Şarkı bittiğinde nefes nefese yatağa yığılmıştık. Dizimi dürttü, ben bir sonraki müziği durdururken. Başımı kaldırıp gözlerine baktım. "Zayn'i ara, yarın pazar şirkete gitmeyeceksiniz zaten. Buluşalım, bir şeyler yapalım" Başımı sallayıp rehbere girdim. "Marie" Dedi çekimser bir ifadeyle. Başımı kaldırmadım. "Efendim Gab?" "Şey, Zayn'e söylesen de Liam'ı da çağırsa, olur mu?" Hınzır bir şekilde gülerek başımı kaldırdım. "Niye ki?" Derken bunu sormaktan zevk aldığım apaçık ortadaydı.

"Öyle bakma bana! Hoş çocuk" Gülerek telefona geri döndüm. U harfine gelip üzerine tıkladım. İkinci çalışta açıldı.

"Efendim güzelim" Gülerek cevapladım. "Zayn, yarın buluşalım mı?" "Olur" Dedi direk. Gab'e bakarak sırıttım. "Gab'de gelecek, sende Liam'ı getirsene. Hem ona teşekkür borçluyum" "Çağırırım da ne iş?" Gab ayağa kalkıp dolabıma ilerledi. Bende yataktan inip balkona çıktım.
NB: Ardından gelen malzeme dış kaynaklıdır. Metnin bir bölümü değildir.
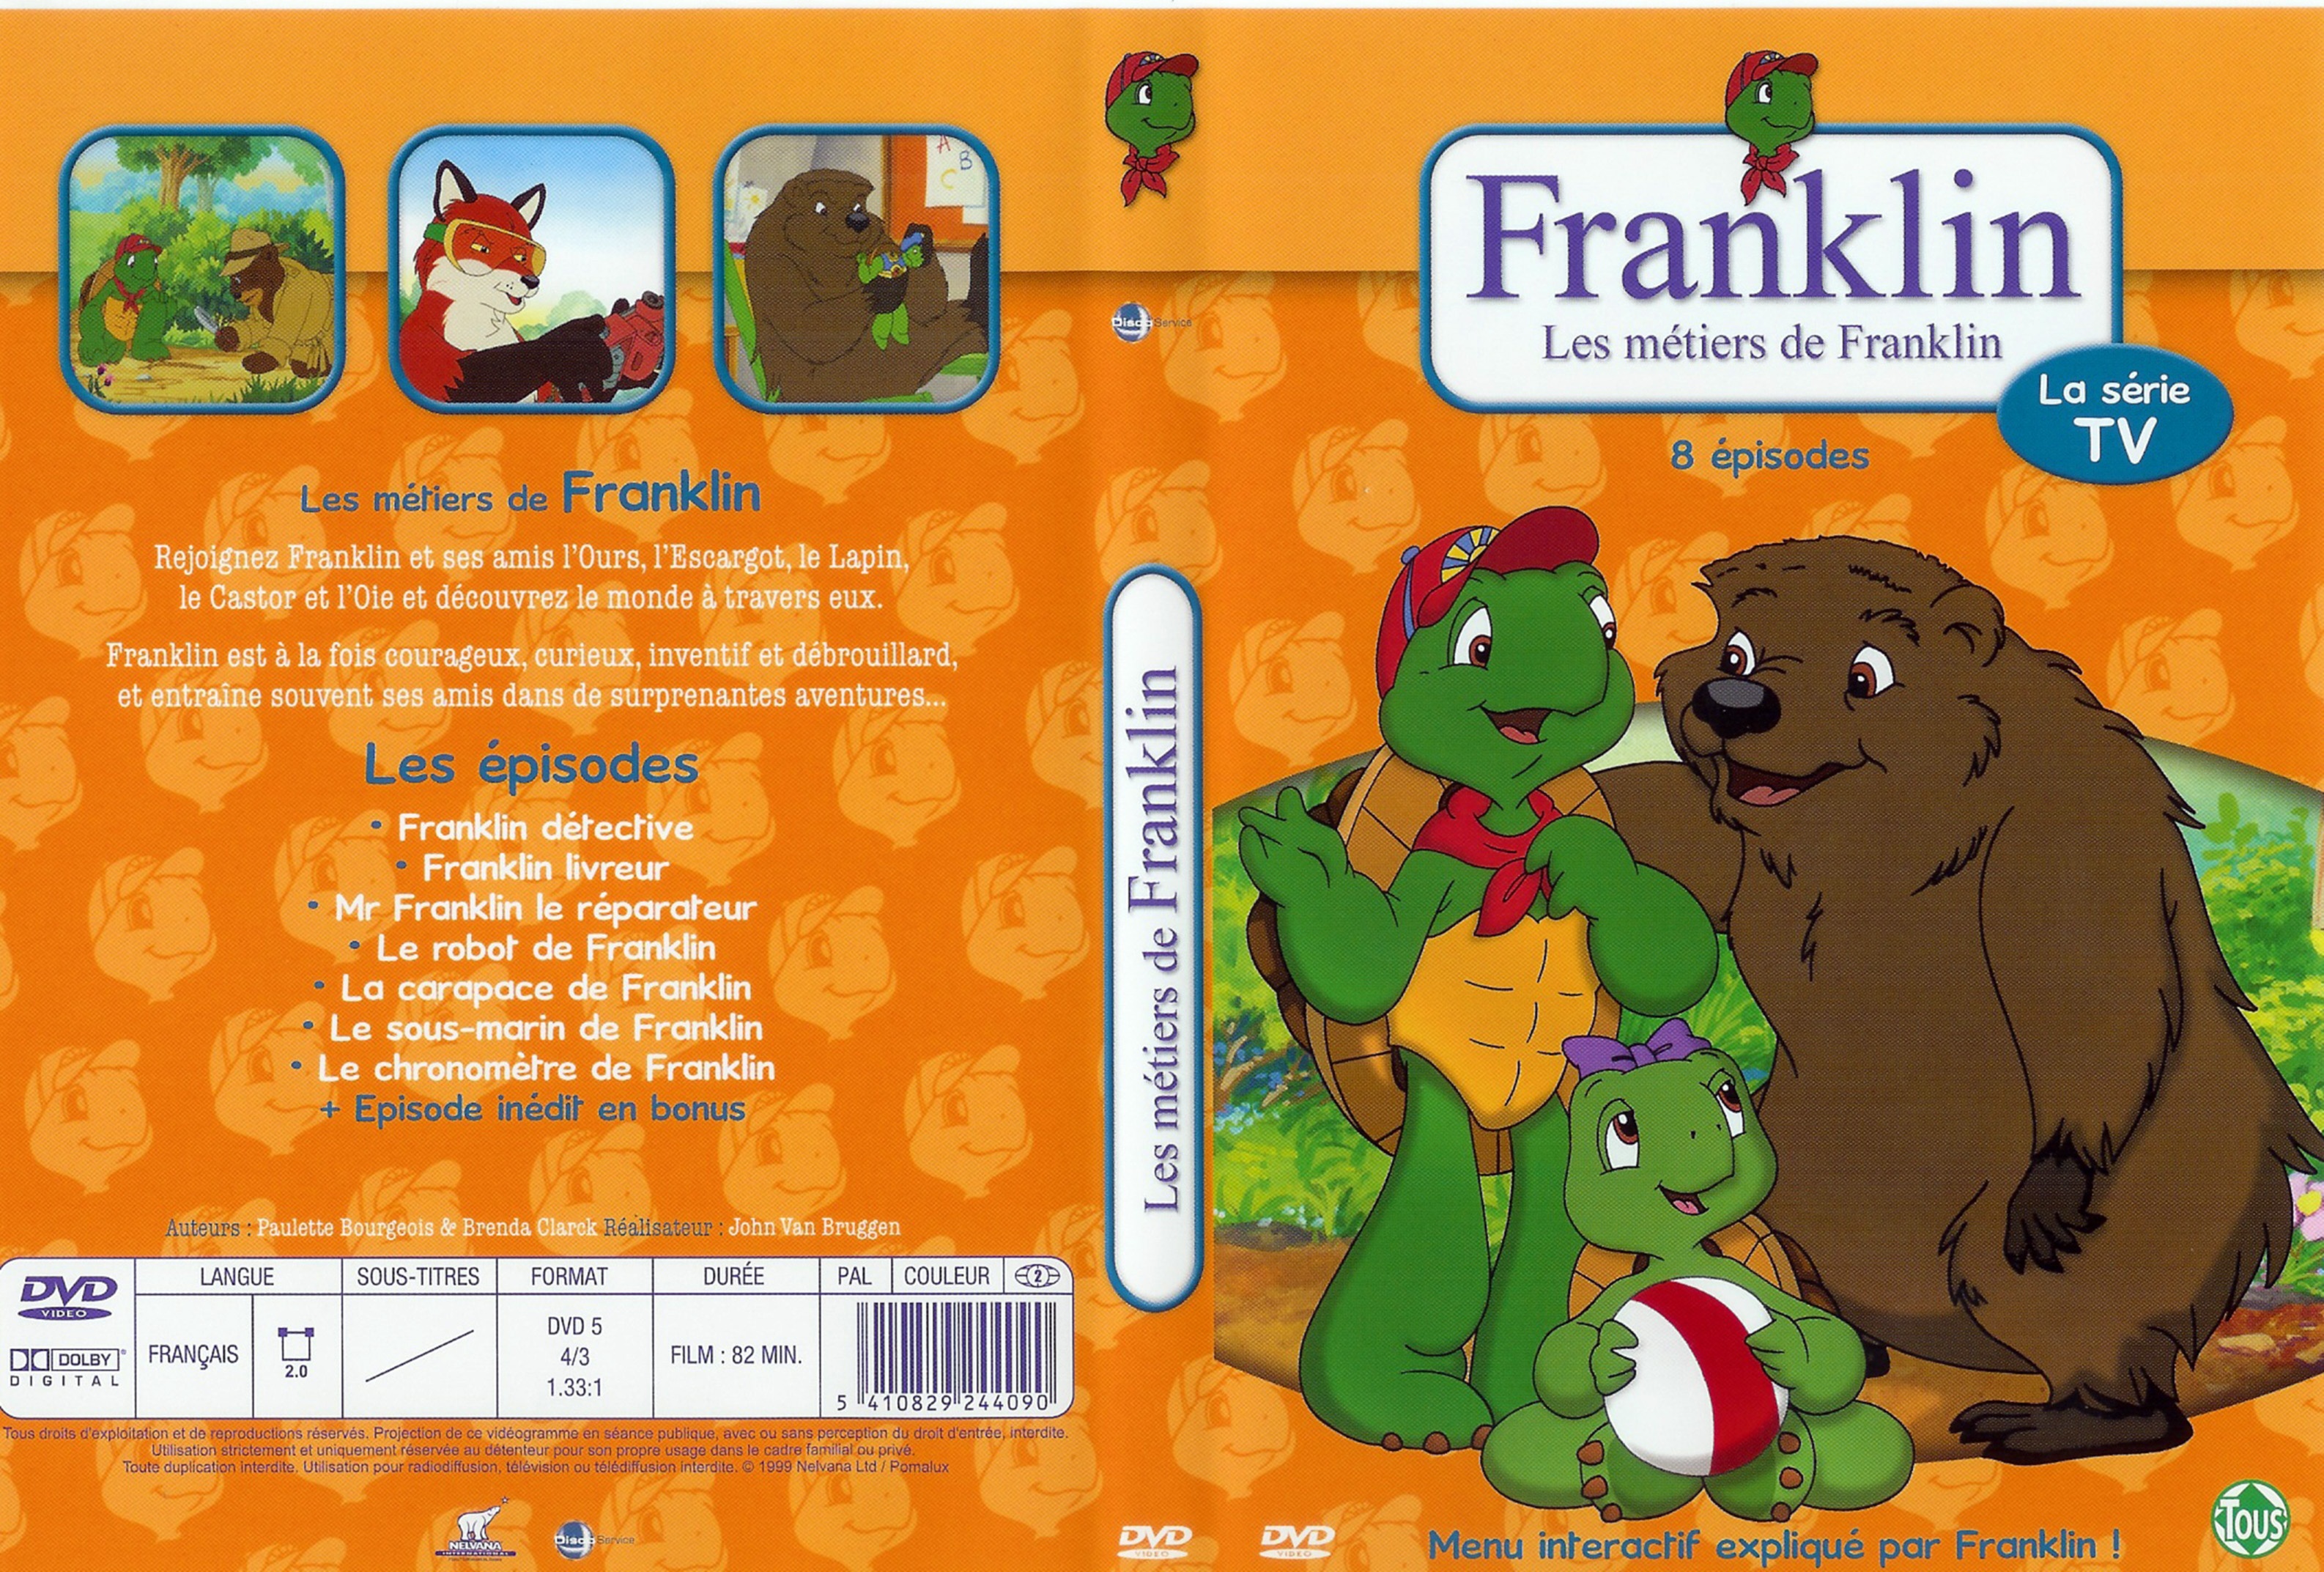 Jaquette DVD Franklin les metiers de franklin v2

"Bilemiyorum, yarın öğreneceğiz" Dedim gülerek. Kıkırdaması kulağıma doldu. "Sevgilim çöp çatanlığa mı el attın?"

Sevgilim. Bir kelime nasıl olurda insana huzur verirdi?

"Evet sevgilim, çöp çatanlık mesleği daha makul geldi" Güldü. "Seni özledim" Dedi ardından. Elimi balkon duvarının korkuluğuna koydum. "Daha bir saat olmadı Malik" Omuzlarını silktiğini tahmin ediyorum..

"Olsun, özledim ne var?" Güldüm. "Yarın birlikteyiz" "Evet birlikteyiz" Dedi oldukça tutkulu bir ses tonuyla. Daha sonra vedalaştık. İçeri geçip bende Gab gibi pijamalarımı giyindim. Aşağı inip mutfaktan bir kavanoz turşu alıp tekrar odama çıktım. Kapağını açıp yatağa oturdum. Gab'de yanıma oturduğunda turşuya gömülmüştük.

"Zayn'i ne kadar seviyorsun?" Dedi ağzında turşu varken. Dudaklarımı yalayıp ekşi tadı giderdim. "Ne kadar olduğunu ölçemem ama yanındayken güvende hissediyorum, kokusu içimdeki sevgiyi arttırıyor ve ona bakarken dünyada gördüğüm en güzel şeye bakıyor gibiyim" "Belli oluyor zaten, ikinizinde gözleri parlıyor birbirinize bakarken" Gülümsedim.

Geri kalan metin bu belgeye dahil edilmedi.